Test the username and password for correctness. If they’re right, unlock the door. Otherwise, tell the user that the password is wrong.

An idea

There are a few similar numbers in this code - maybe some of them are slightly wrong. There are 34 bytes on the stack, we’re told our username and password must be at most 32 bytes in length. The username is then tested for being at most 33 bytes long. The password must be below (31 - username) bytes long. Then we check that the username and password together are less than 33 bytes long.

Let’s talk about overflow and underflow

A single byte can only hold values between 0 and 255. So how does a CPU processor cope when you tell it to do 255 + 1 and store the result in a single byte?
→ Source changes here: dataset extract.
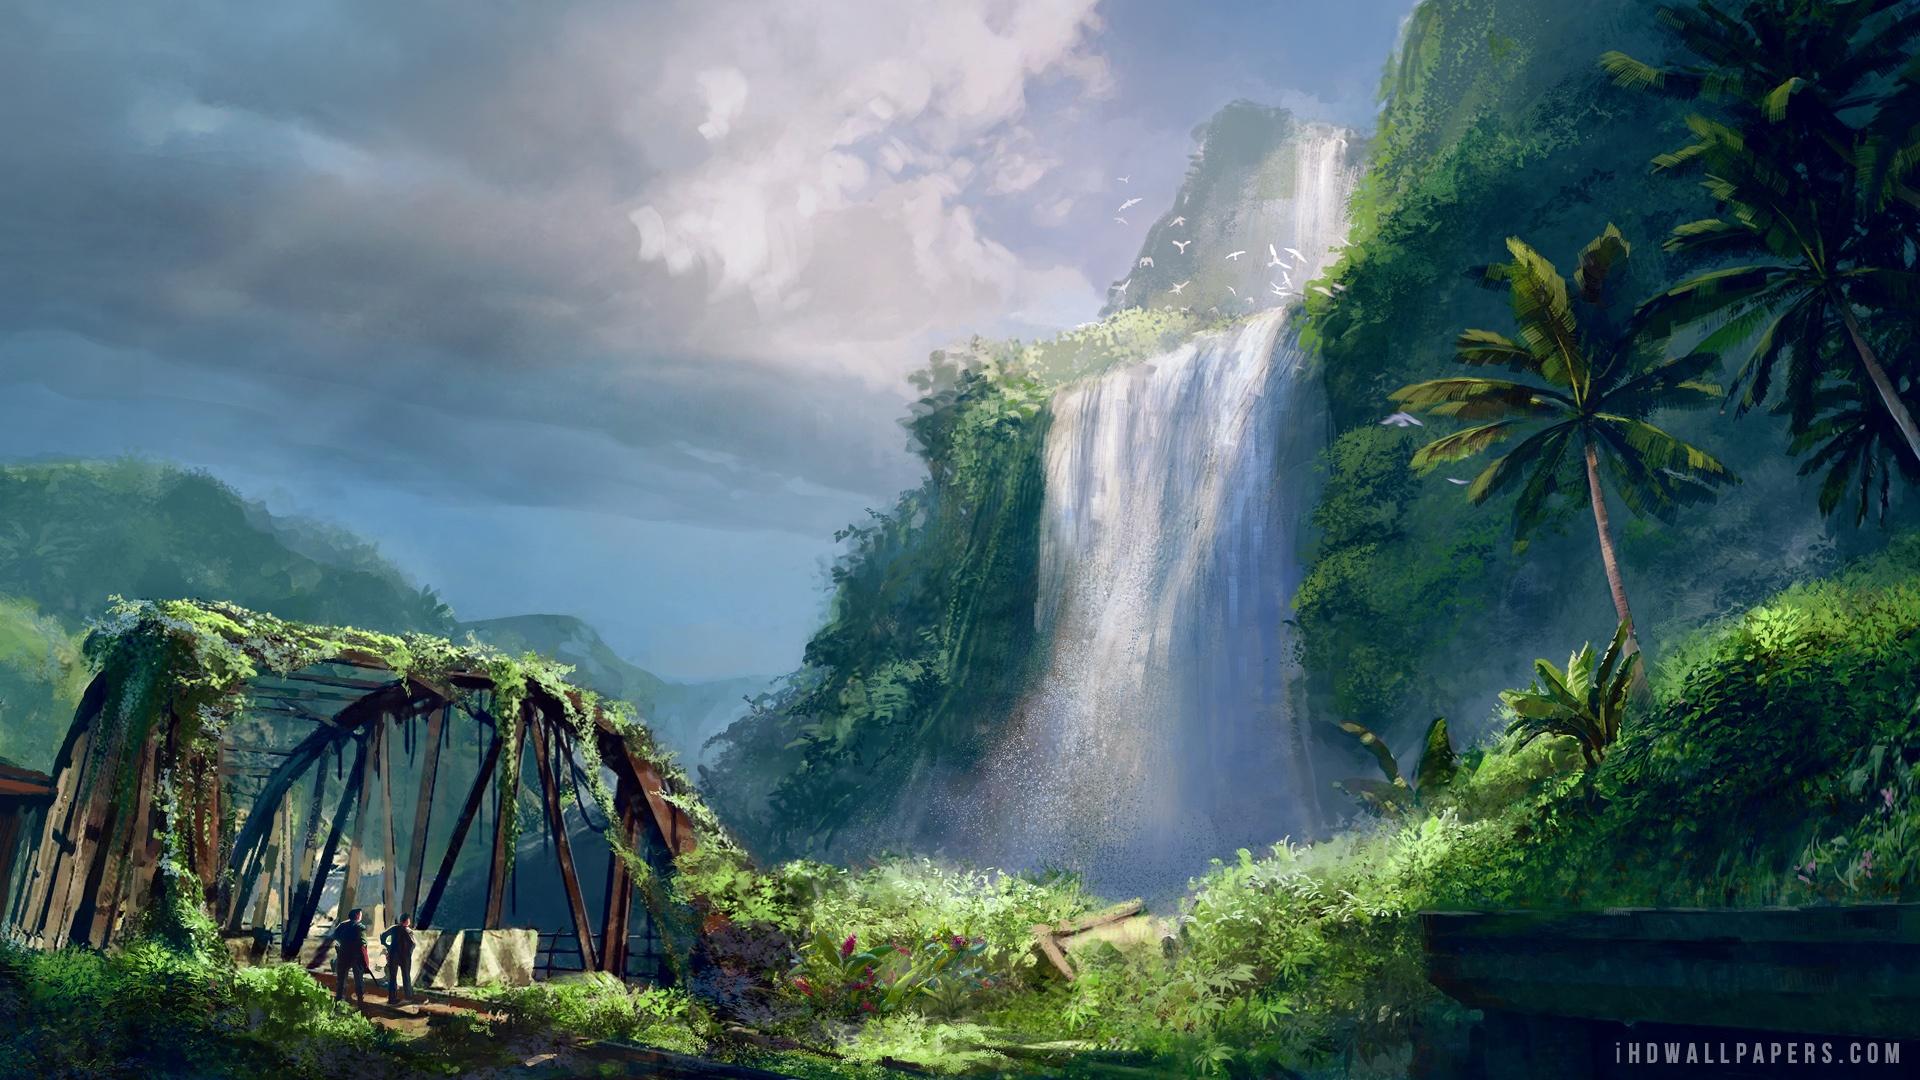 Far Cry 5 Wallpaper Hd: Far Cry 3 HD Wallpapers

Simple! It resets back to 0. So 255 + 5 = 4 (in a single byte).

You can imagine that the CPU adds the numbers together then ignores the bits that it doesn’t have space to hold. E.g. in binary, 255 + 5 looks like this: 0b11111111 + 0b00000101. That comes to 0b100000100. But the CPU can only store the bottom 8 bits! So we get 0b00000100 which is 4.

The same happens with subtractions, except here it’s called underflow. 0 - 1 will be computed as 0b00000000 - 0b00000001 which, in the same way as above, will come to 0b11111111.

Why would you ever want this? Well sometimes it’s useful! For example in this code, when we want to have 34 more bytes on the stack, we do add #0xffde, sp. In a 2-byte register, this sum will overflow. The amount it will overflow can be found by 0x10000 - 0xffde = 0x22 which is 34 bytes.

You can always check whether the previous sum has overflowed, as the carry bit will be set in the status register. The instructions jc and jnc will let you jump based on whether an operation has overflowed or not.

Using overflows and underflows

What would happen if our username was 32 bytes long here? Its length would be less than 33 bytes, so that test would pass. The password would have to be 31 - 32 bytes, which will underflow to 0xffff. The next line ensures it has a max of 511, so that’s the limit of the password that we can enter.

When the length of the password is added to the length of the username, it needs to be less than 33 in the lowest byte. If the username is 32 bytes, and the password is 256 bytes, then the sum will be 0x120. The code only looks in the lowest byte, which holds 0x20 which is indeed less than 0x21.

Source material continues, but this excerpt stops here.